■ **Work task**: The required output is a verbatim transcription of the listing, pictures excluded.

■ **Data shown**:
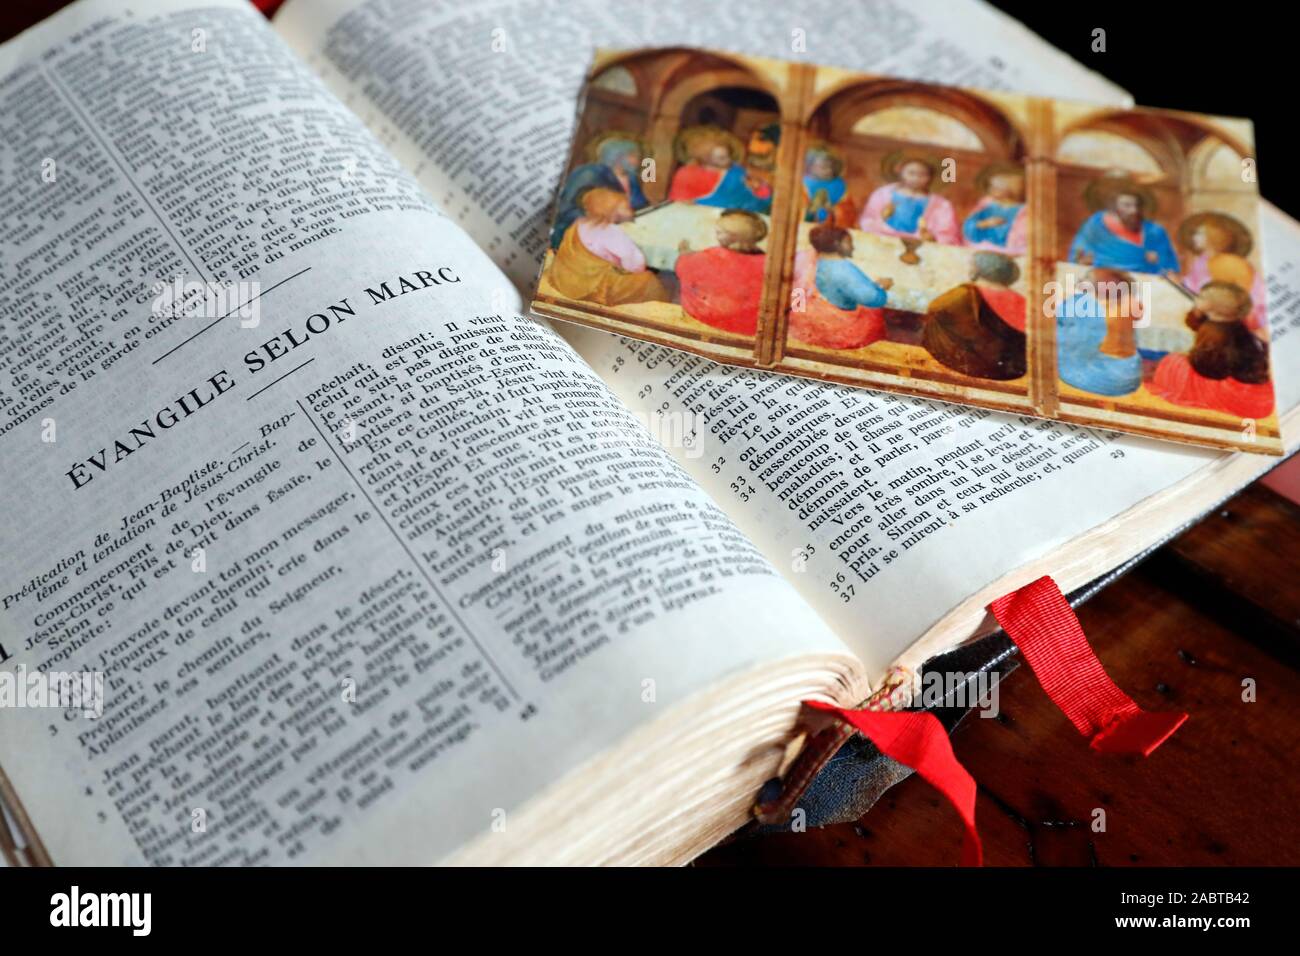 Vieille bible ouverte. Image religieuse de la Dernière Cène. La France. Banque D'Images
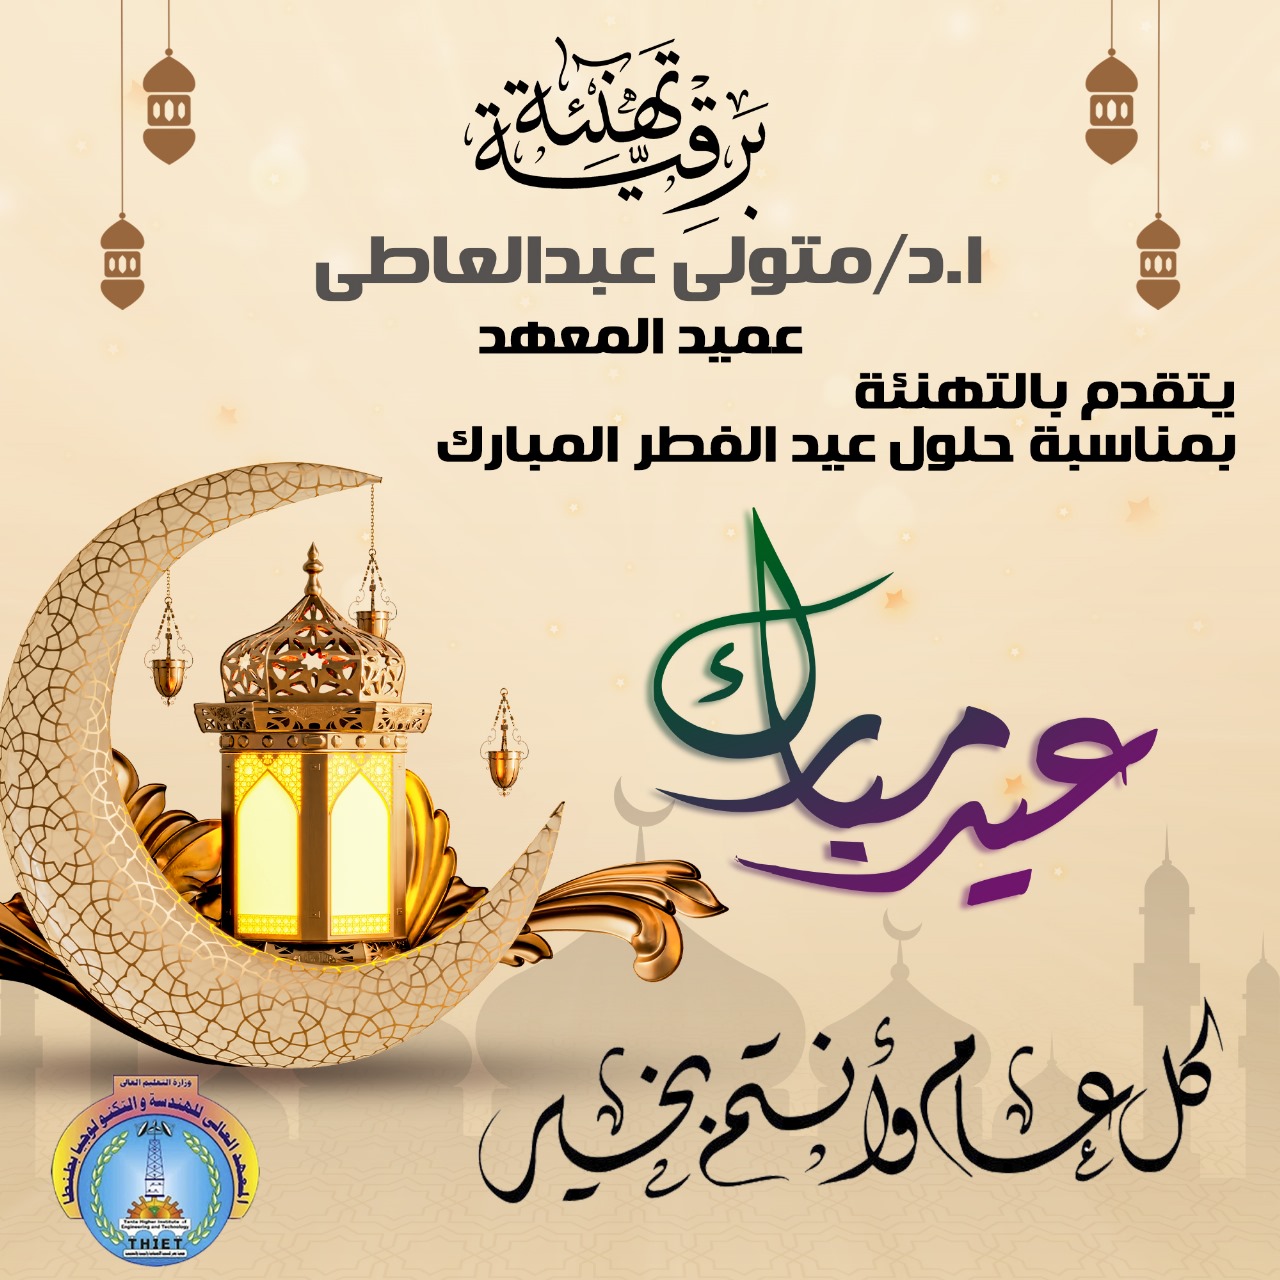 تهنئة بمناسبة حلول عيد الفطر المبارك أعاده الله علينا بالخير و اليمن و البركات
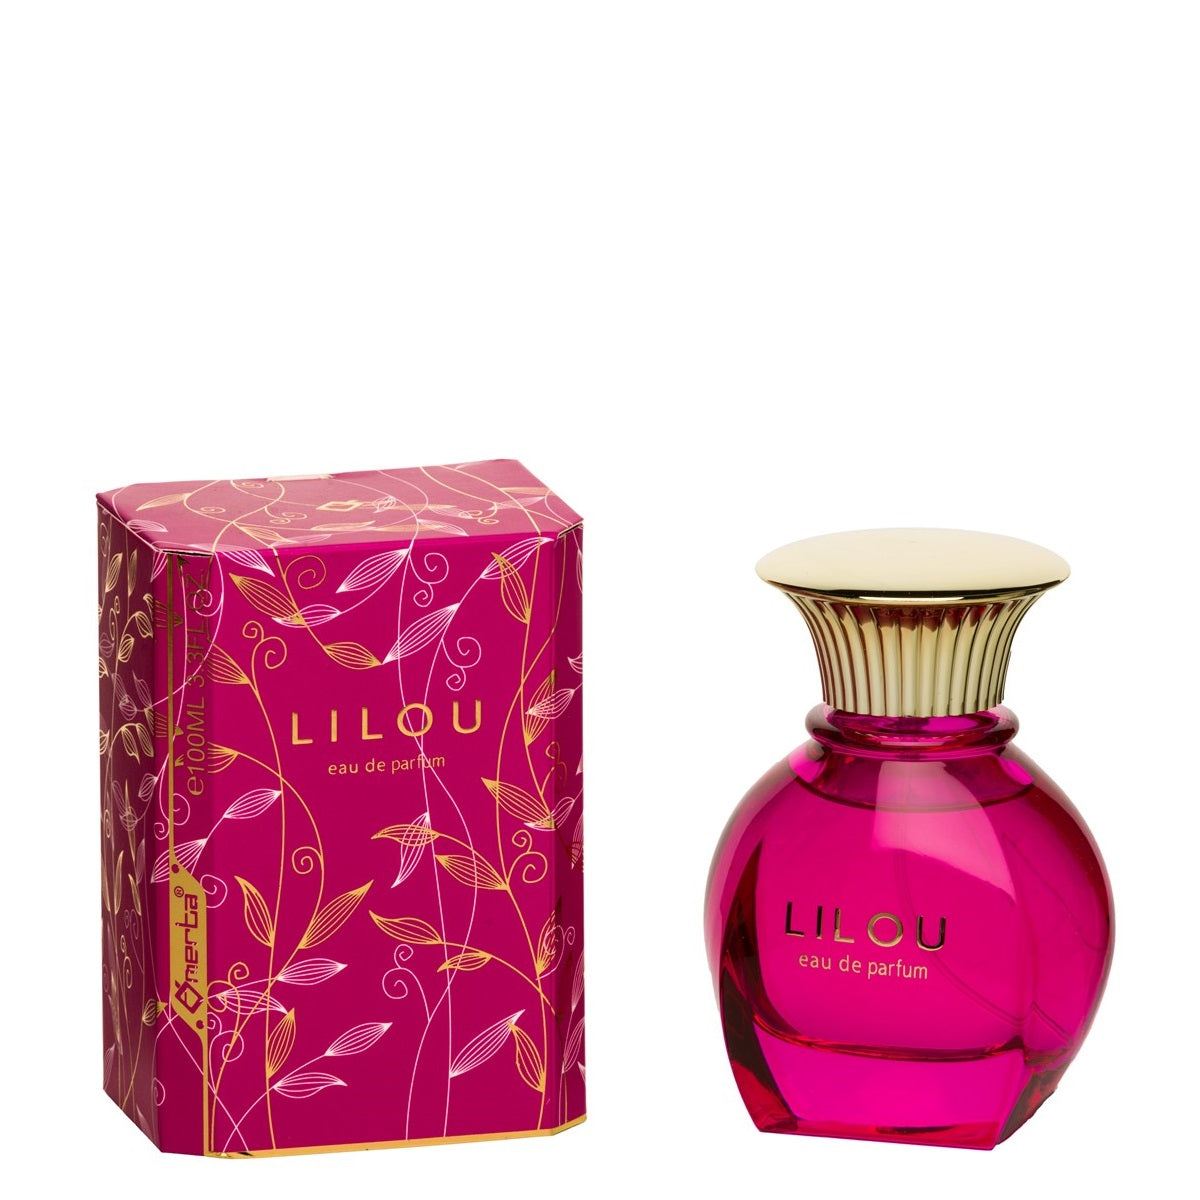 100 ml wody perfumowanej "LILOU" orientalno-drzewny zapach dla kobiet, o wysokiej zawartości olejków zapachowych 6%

■ **Solved problem**:
 Vieille bible ouverte. Image religieuse de la Dernière Cène. La France. Banque D'Images
 تهنئة بمناسبة حلول عيد الفطر المبارك أعاده الله علينا بالخير و اليمن و البركات
 100 ml wody perfumowanej "LILOU" orientalno-drzewny zapach dla kobiet, o wysokiej zawartości olejków zapachowych 6%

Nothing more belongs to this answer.